First, notice that $z^T A d = d^T A^T z$. To see this, define $v = Ad$ and note that

$$z^T v = \sum_{i=1}^n z_i v_i = v^T z$$

for any two vectors $z$ and $v$ of the same dimension $n$.

Then, using $v$ as defined above, we have

\begin{align} S &= z^T z + v^T v - z^T v - v^T z \\ &= z^T z + v^T v \\ &= \sum_{i=1}^n \left( z_i^2 + v_i^2 \right), \end{align} which is indeed a sum of squared normal variables, since each $z_i$ is a normal variable. Note that each $v_i = \sum_{i=j}^n A_{ij} d_j$ is a deterministic variable. Then $S$ is a generalized chi-square variable.

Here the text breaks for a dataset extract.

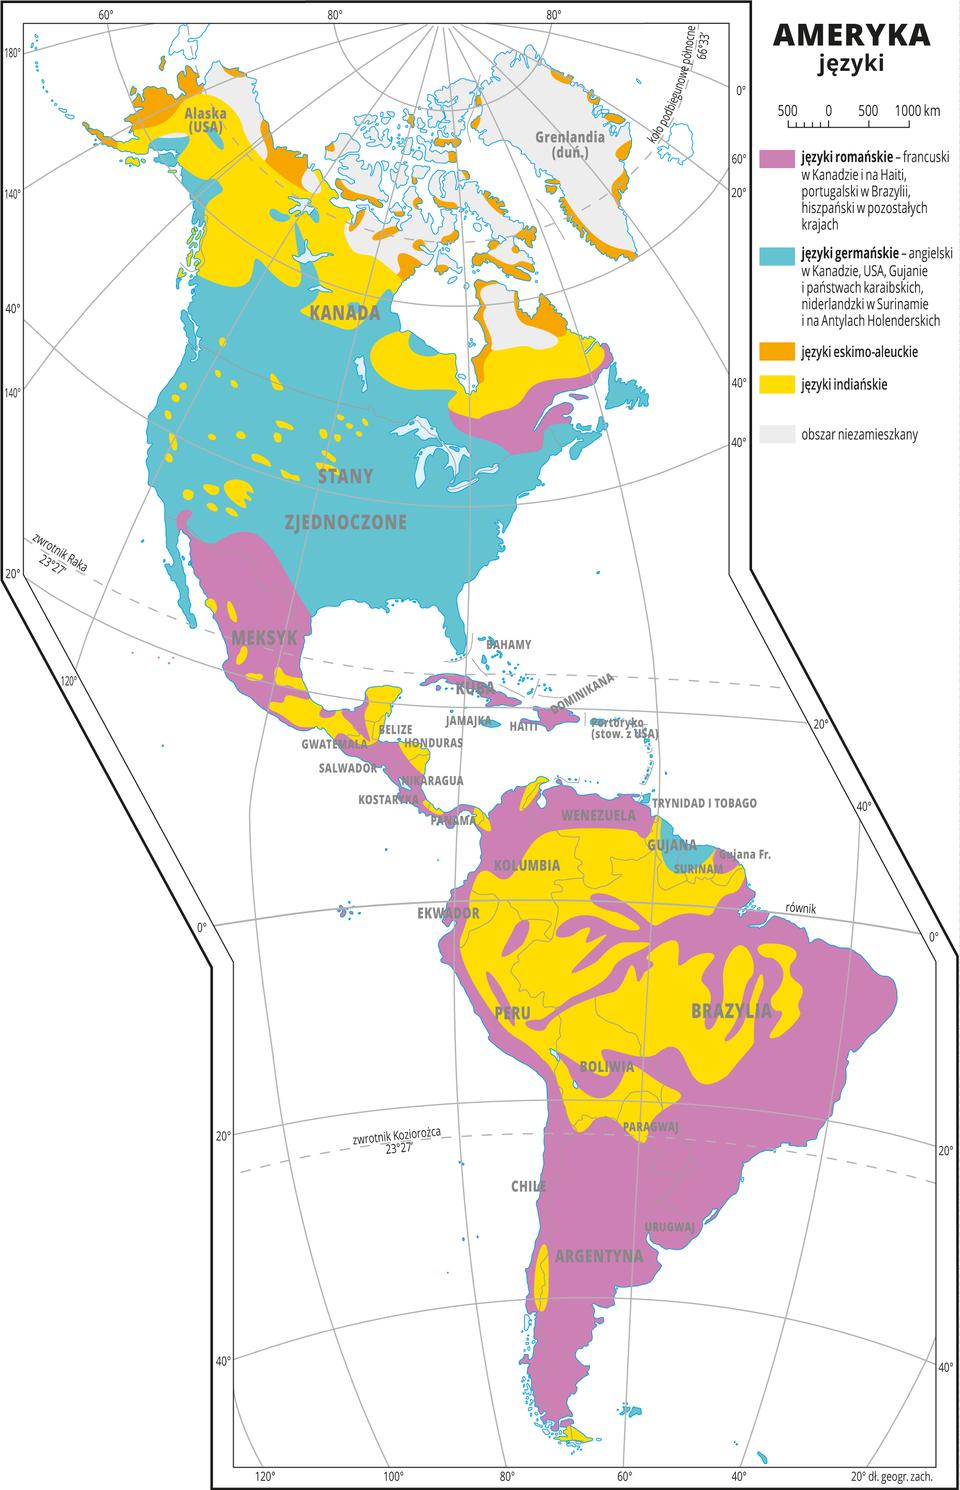 Ilustracja przedstawia mapę rozmieszczenia języków wAmeryce. Kolorami oznaczono języki: języki romańskie – francuski wKanadzie ina Haiti, portugalski wBrazylii, hiszpański wMeksyku, Wenezueli, Kolumbii. Ekwadorze, Peru, Chile, Boliwii, Paragwaju, Urugwaju iArgentynie. Języki germańskie – angielski wKanadzie, USA, Gujanie ipaństwach karaibskich, niderlandzki wSurinamie ina Antylach Holenderskich. Języki eskimo-aleuckie – na północnych krańcach Kanady ina Alasce. Języki indiańskie: północna Kanada iczęść obszarów państw położonych wdorzeczu Amazonki. Dookoła mapy wbiałej ramce opisano współrzędne geograficzne co dwadzieścia stopni. Wlegendzie umieszczono iopisano kolory użyte na mapie.

I think some confusion about this question arises from the phrase "in terms of $z$". Perhaps you meant "in terms of the components of $z$"?

Another point of confusion might be the phrase "as a linear combination of $z$". To show that $S$ is a generalized chi-square variable, we wish to show that it is a linear combination of chi-square variables, which in this case are the squared components of $z$ rather than $z$ itself.

And to address Amin's concern that $S$ is not matrix, I believe the goal of the exercise was to show that $S$ is a single chi-square variable rather than a matrix of such variables, so the given expression for $S$ is indeed meaningful.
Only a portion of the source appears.